WORCESTER – The Worcester Regional Food Hub honored U.S. Rep. Jim McGovern with its inaugural Food Security Champion Award on Wednesday, Oct. 16, at the Greendale People’s Church in Worcester.
The ceremony recognized McGovern’s decades-long commitment to food security initiatives and advocating for everyone to have the right to access fresh, healthy, and local food.
“It’s been really inspirational to see what this team has done,” McGovern stated during his acceptance speech. “I’m truly humbled to receive this award. I can’t think of anything more meaningful than to be associated with putting local, healthy food in the hands of people that need it.”
Over the last two years, McGovern has helped secured theft reimbursement for SNAP recipients, introduced legislation that would incentivize farmers to convert to climate friendly technology, and advocated for the Accreditation Council for Graduate Medical Education to increase the quality of nutrition education at medical schools.
In 2022, McGovern secured the funding for and played an important role in the White House Conference on Hunger, Nutrition, and Health. Since being elected to congress in 1997, McGovern has advocated for increased funding for school lunch programs, emergency food systems, and other initiatives fighting food insecurity and anti-hunger programs.
In February 2023, McGovern and Republican Congressman Tracey Mann of Kansas relaunched the House Hunger Caucus, a bipartisan group of lawmakers dedicated to ending hunger in America.
McGovern also secured $3 million in federal funding for the Worcester Regional Food Hub to develop its new location inside Union Station in Worcester.
Construction of that new $4.5 million location began in March with additional funding from the Massachusetts Food Security Infrastructure Grant Program and the City of Worcester’s American Rescue Plan Act (ARPA) funds.
“When I look at the role of the Food Hub, it’s more than getting food from point A to point B. It’s connecting farmers to family dinner tables,” McGovern said. “You are making sure the food grown in Worcester County isn’t being shipped to faraway places, but going to plates here in the community. Filling bellies means having kids not have to worry where their next meal is coming from, and being able to focus on their education.”
When completed, the Worcester Regional Food Hub will replace its current single kitchen location with a 6,000 square foot, five kitchen, shared working site. It will feature a multipurpose event space, offices, and dedicated cold and dry food storage.

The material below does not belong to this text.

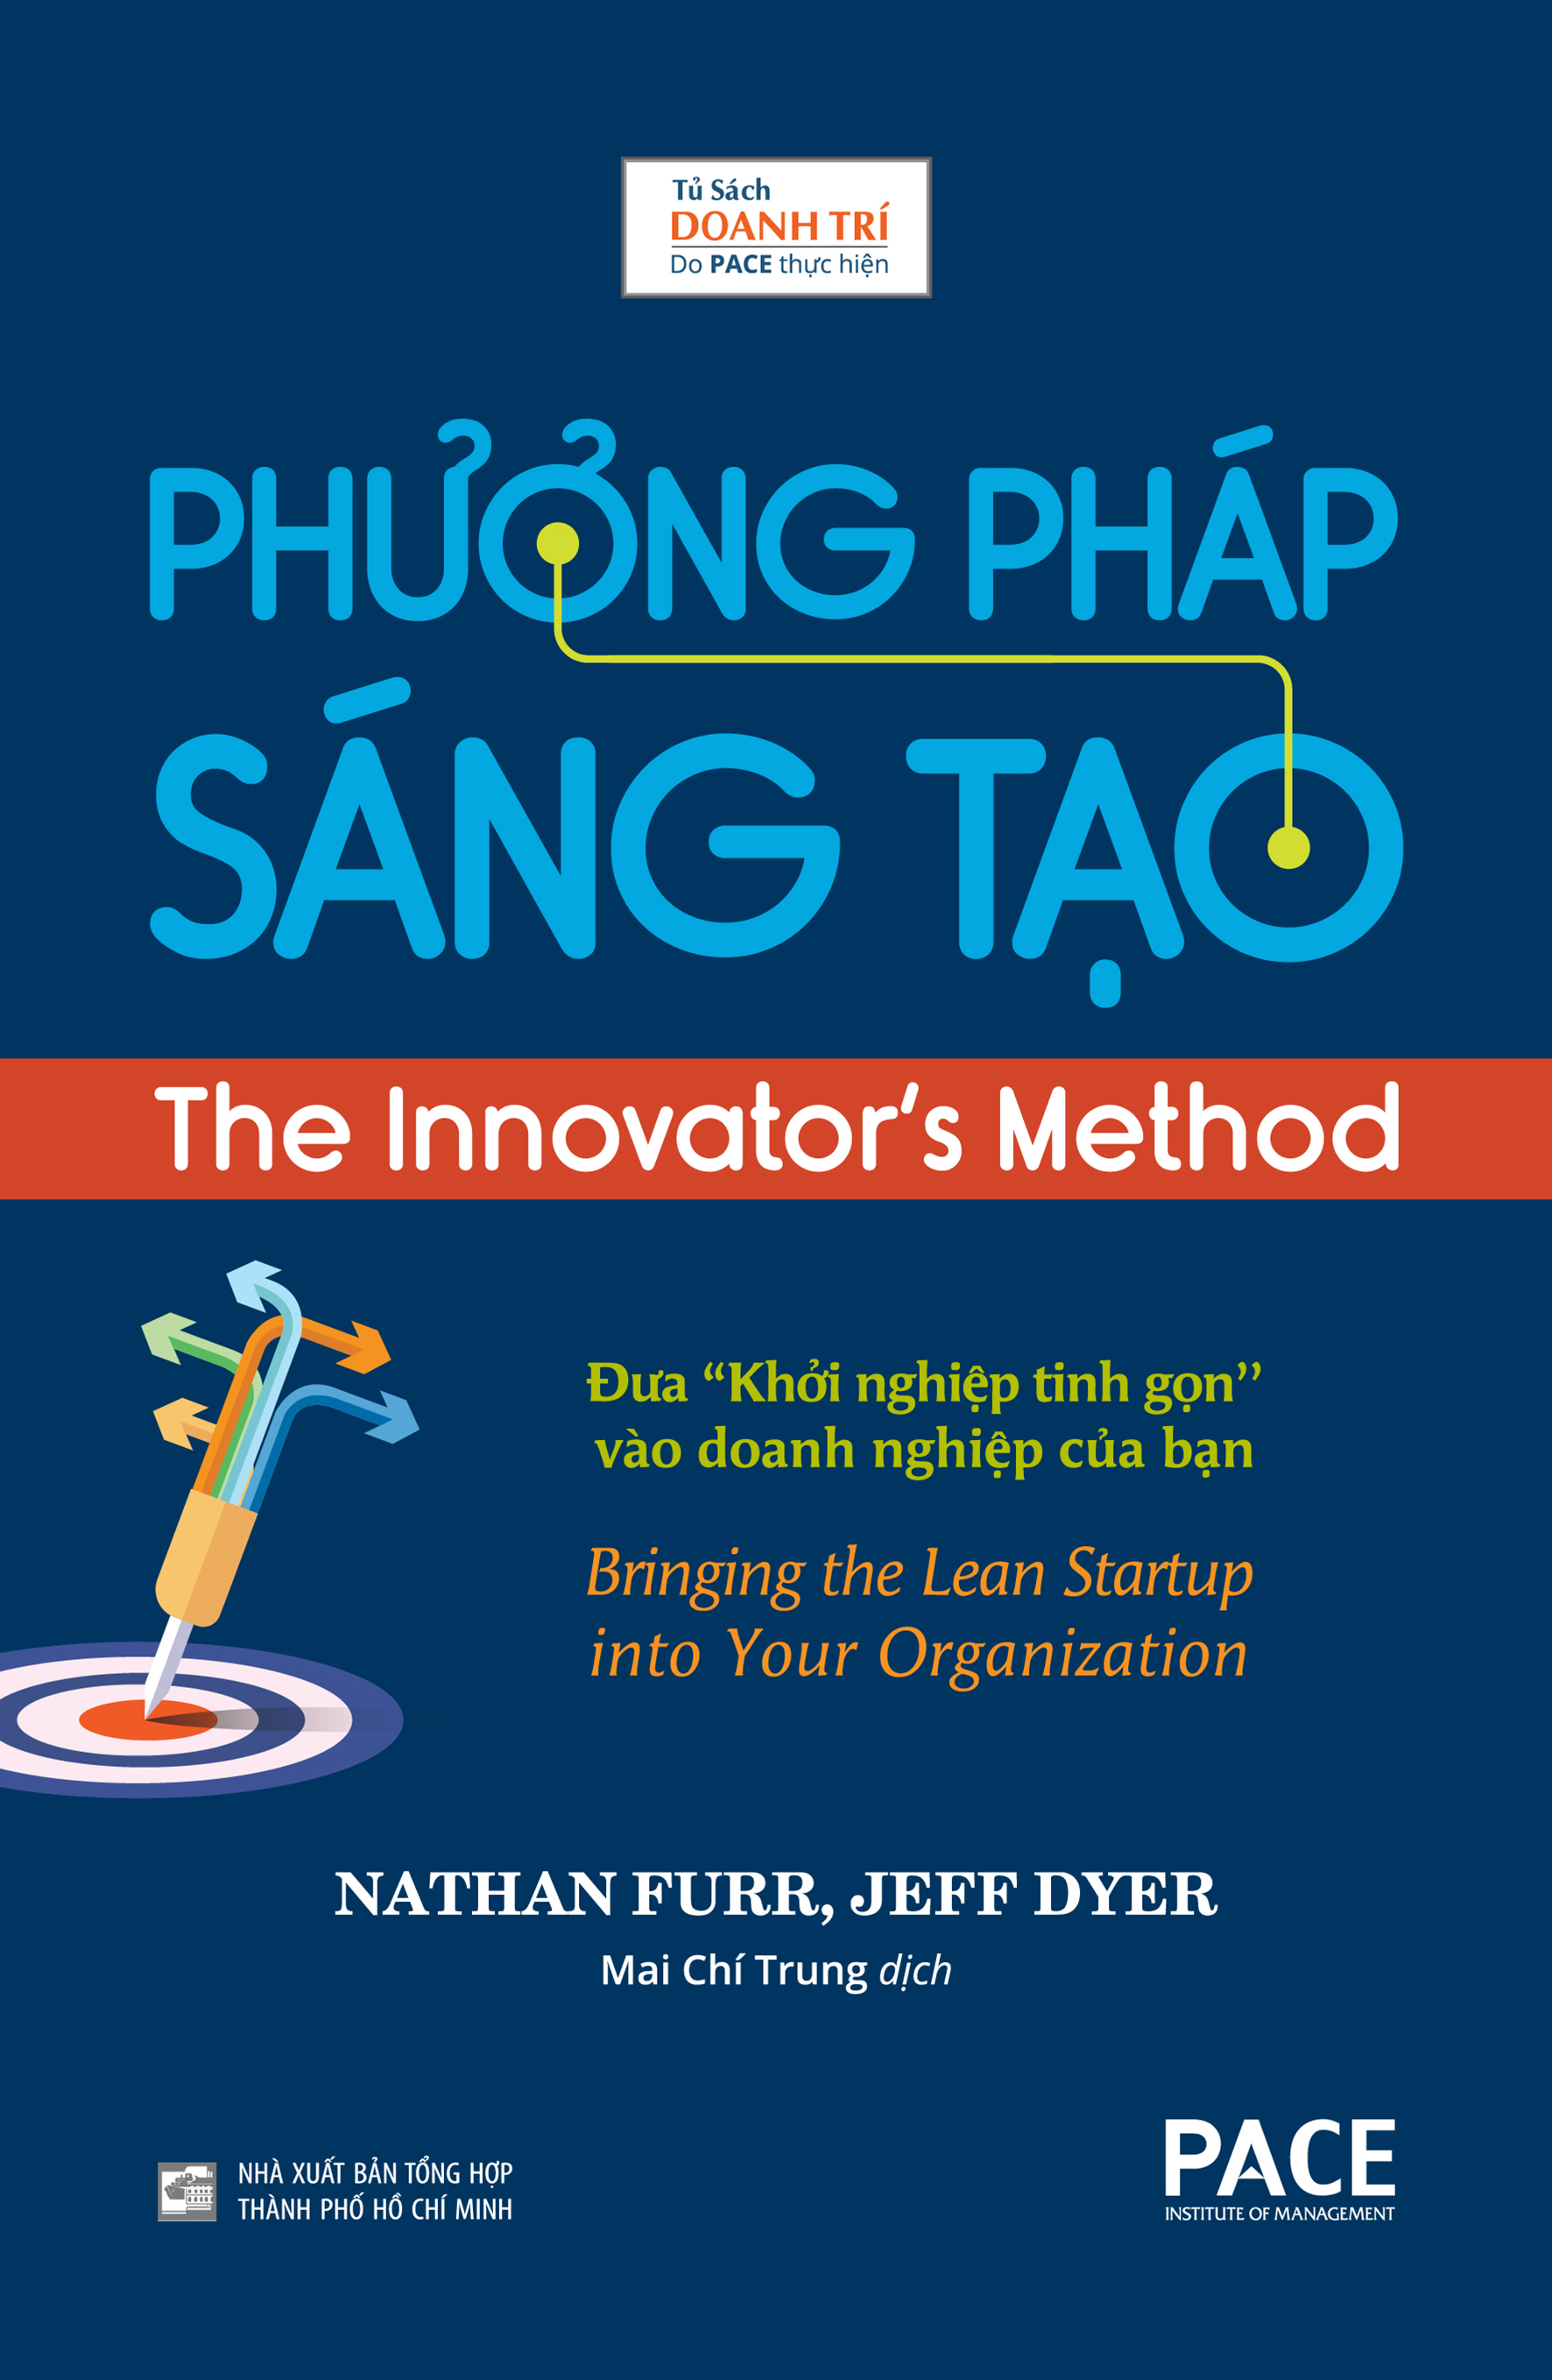 PHƯƠNG PHÁP SÁNG TẠO (The Innovator’s Method) - Nathan Furr, Jeff Dyer - Mai Chí Trung dịch - (bìa cứng)

Like its current location, the Union Station location will operate as a shared commercial kitchen that incubates local food entrepreneurs and provides them with a permitted kitchen, opportunities to obtain licenses, and assistance to start and grow their businesses. It also plans to open a three-kitchen location in Fitchburg.
Founded in 2015, the Worcester Regional Food Hub partners with 61 farms and 163 distributors to bring local produce across the state. The Food Hub also partners with over 100+ School Districts across Massachusetts to bring locally grown food into school lunches.